BEGIN Records for this task

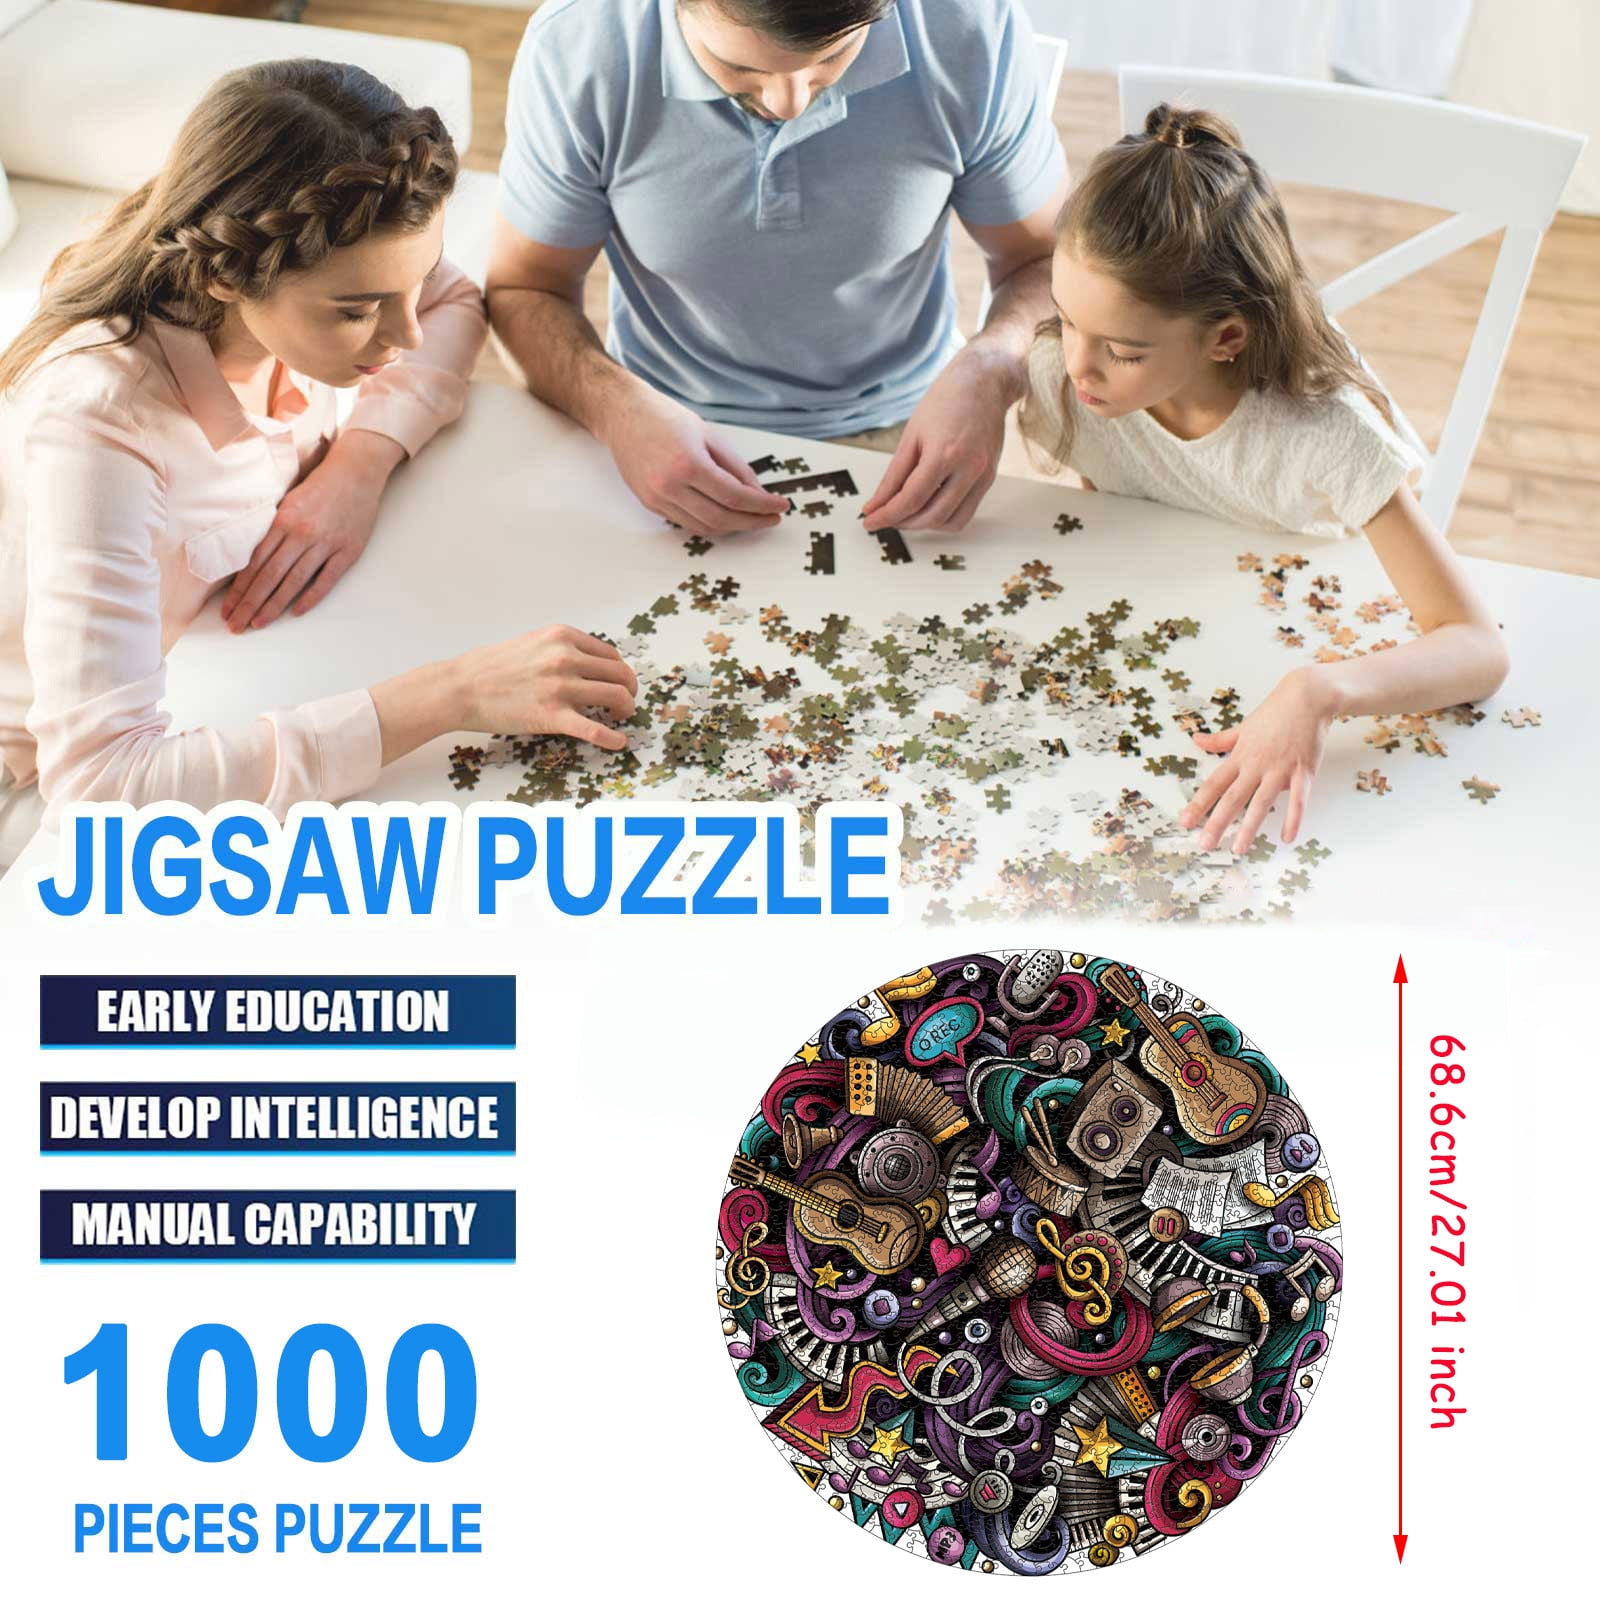 4000 Pieces Wooden Animal Puzzle for Adults-Beautiful sea Turtle-Adults Jigsaw Puzzles Large Puzzle Game Artwork for Adults Teens Educational Games Toys Gift
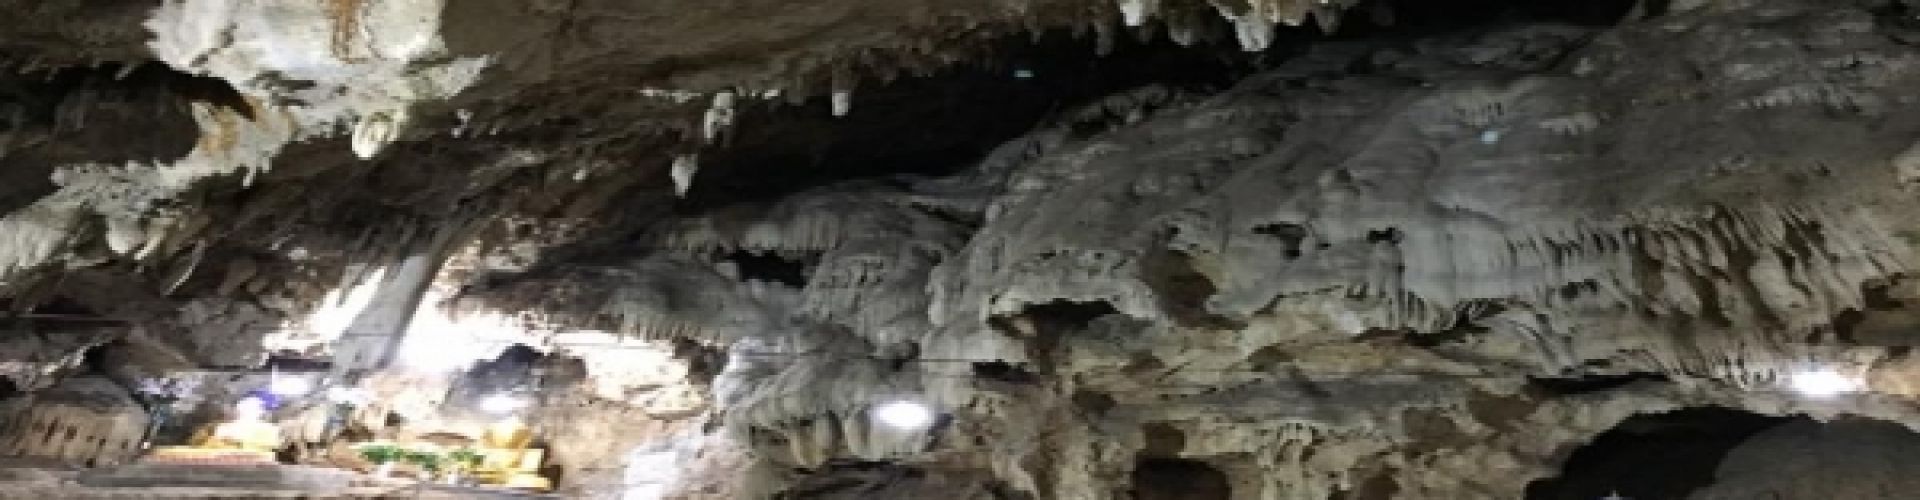 Destinations in Aung Tha Pyay Cave
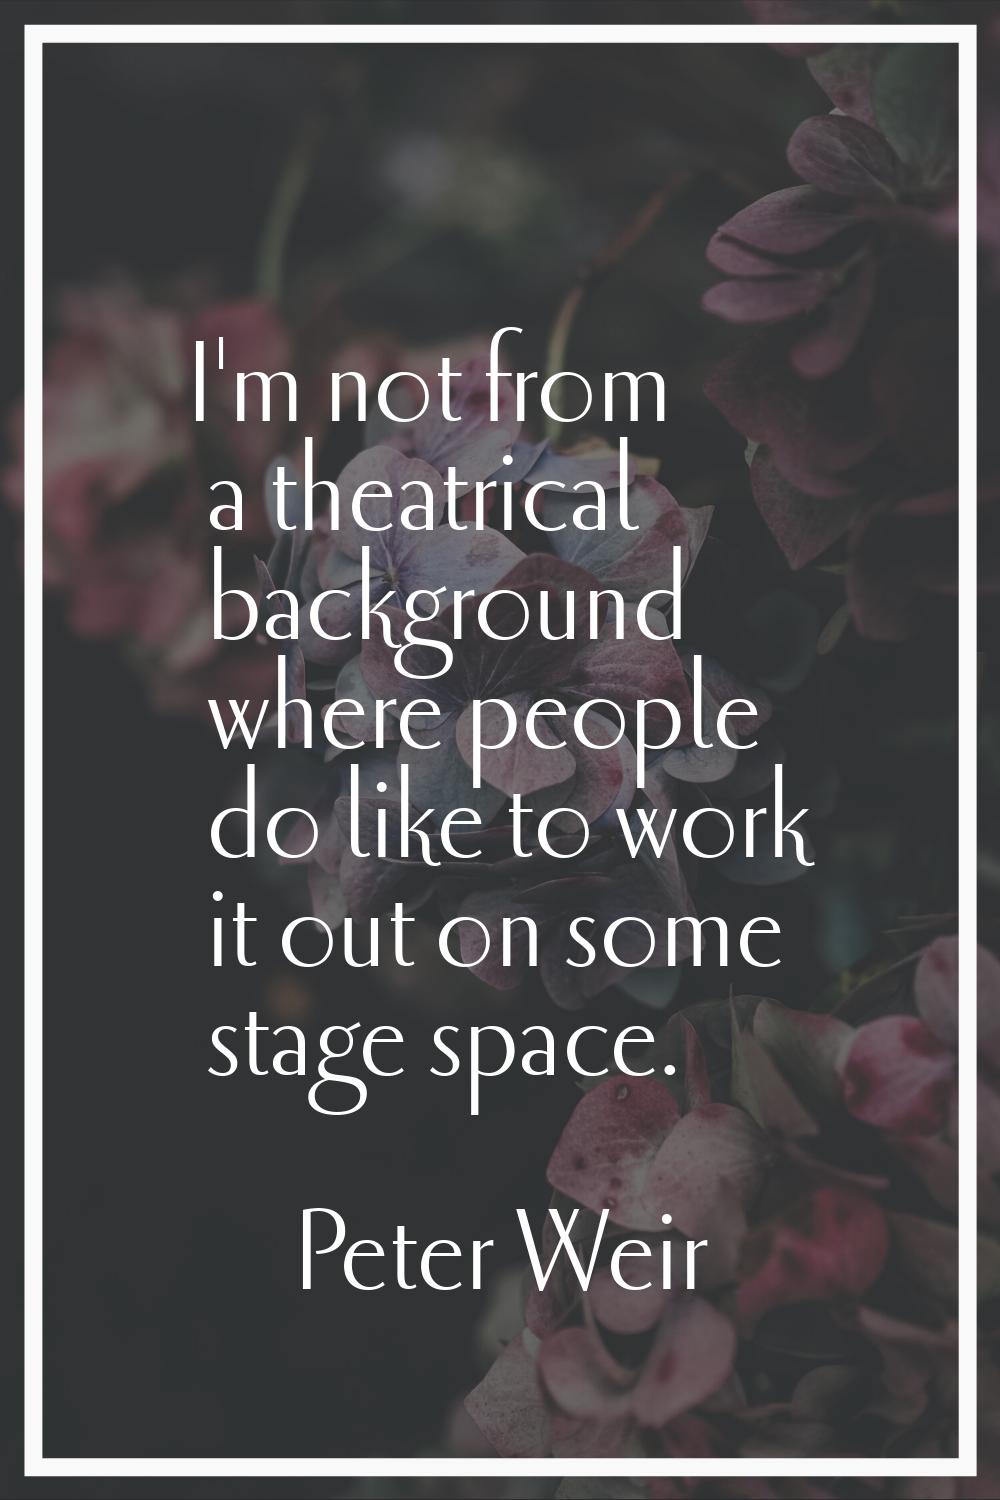 I'm not from a theatrical background where people do like to work it out on some stage space.
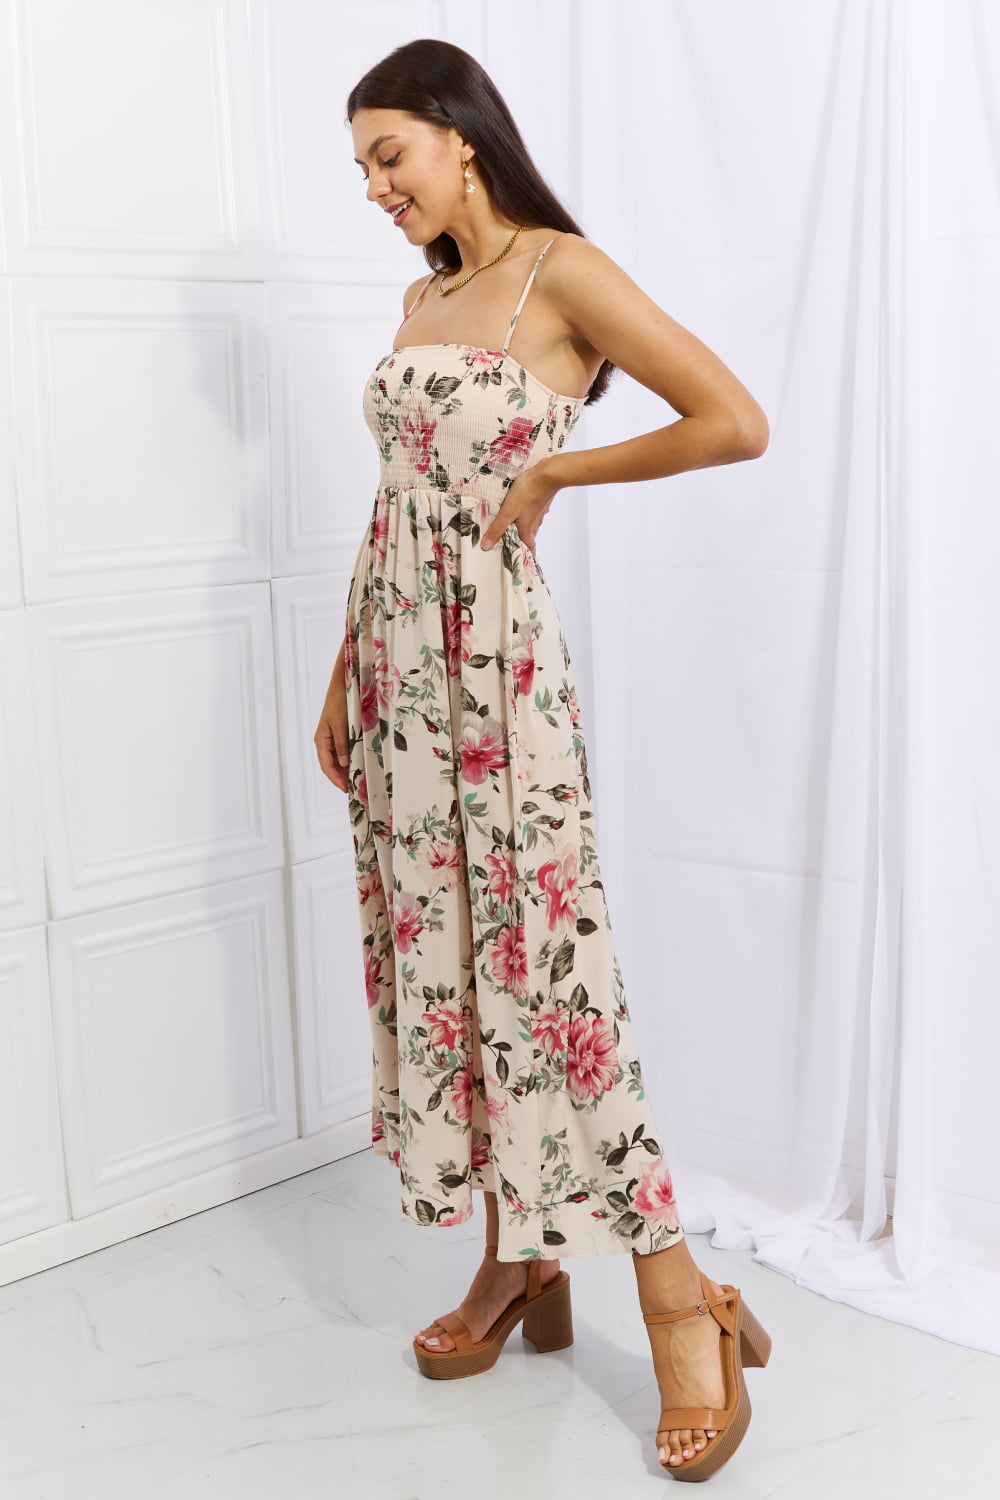 Hold Me Tight Sleeveless Floral Maxi Dress in Pink - All Dresses - Dresses - 3 - 2024
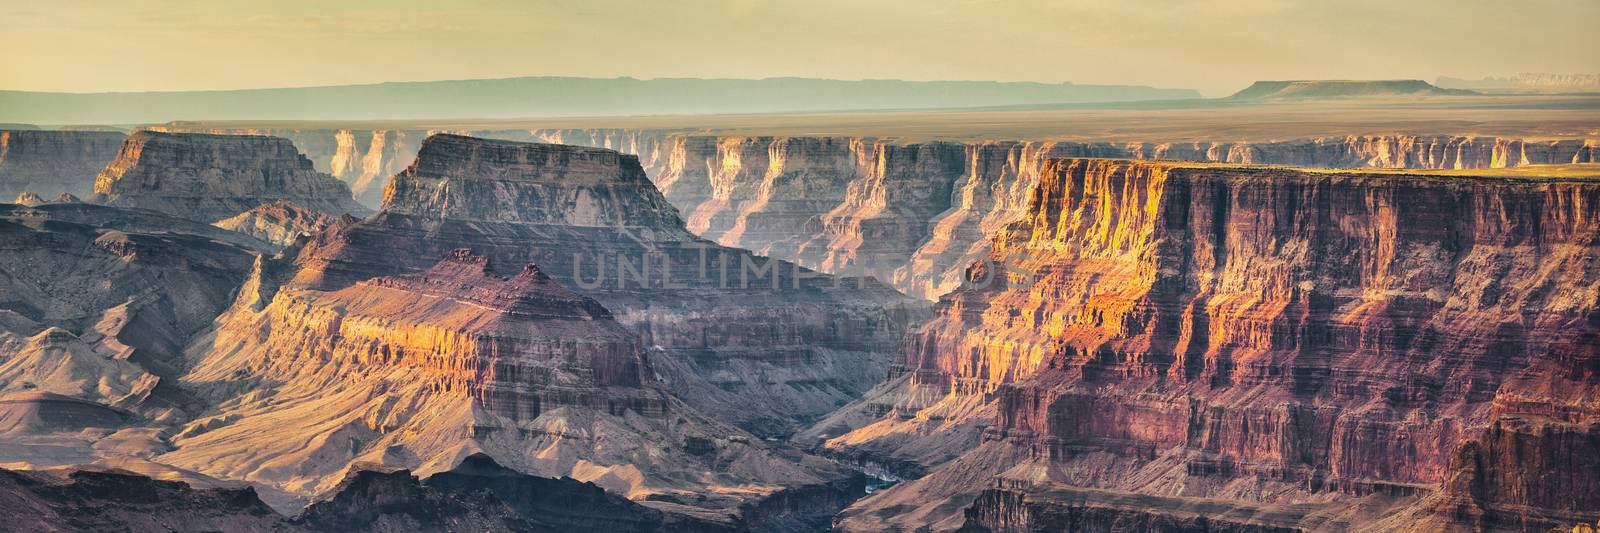 Grand Canyon banner nature landscape steep cliffs at sunset dusk panoramic background.

END Records for this task

_Action item_: Keeping every word as it is, write out all the data and omit the pictures.

_Your solution_:
 4000 Pieces Wooden Animal Puzzle for Adults-Beautiful sea Turtle-Adults Jigsaw Puzzles Large Puzzle Game Artwork for Adults Teens Educational Games Toys Gift
 Destinations in Aung Tha Pyay Cave
 I'm not from a theatrical background where people do like to work it out on some stage space.
 Hold Me Tight Sleeveless Floral Maxi Dress in Pink - All Dresses - Dresses - 3 - 2024
 Grand Canyon banner nature landscape steep cliffs at sunset dusk panoramic background.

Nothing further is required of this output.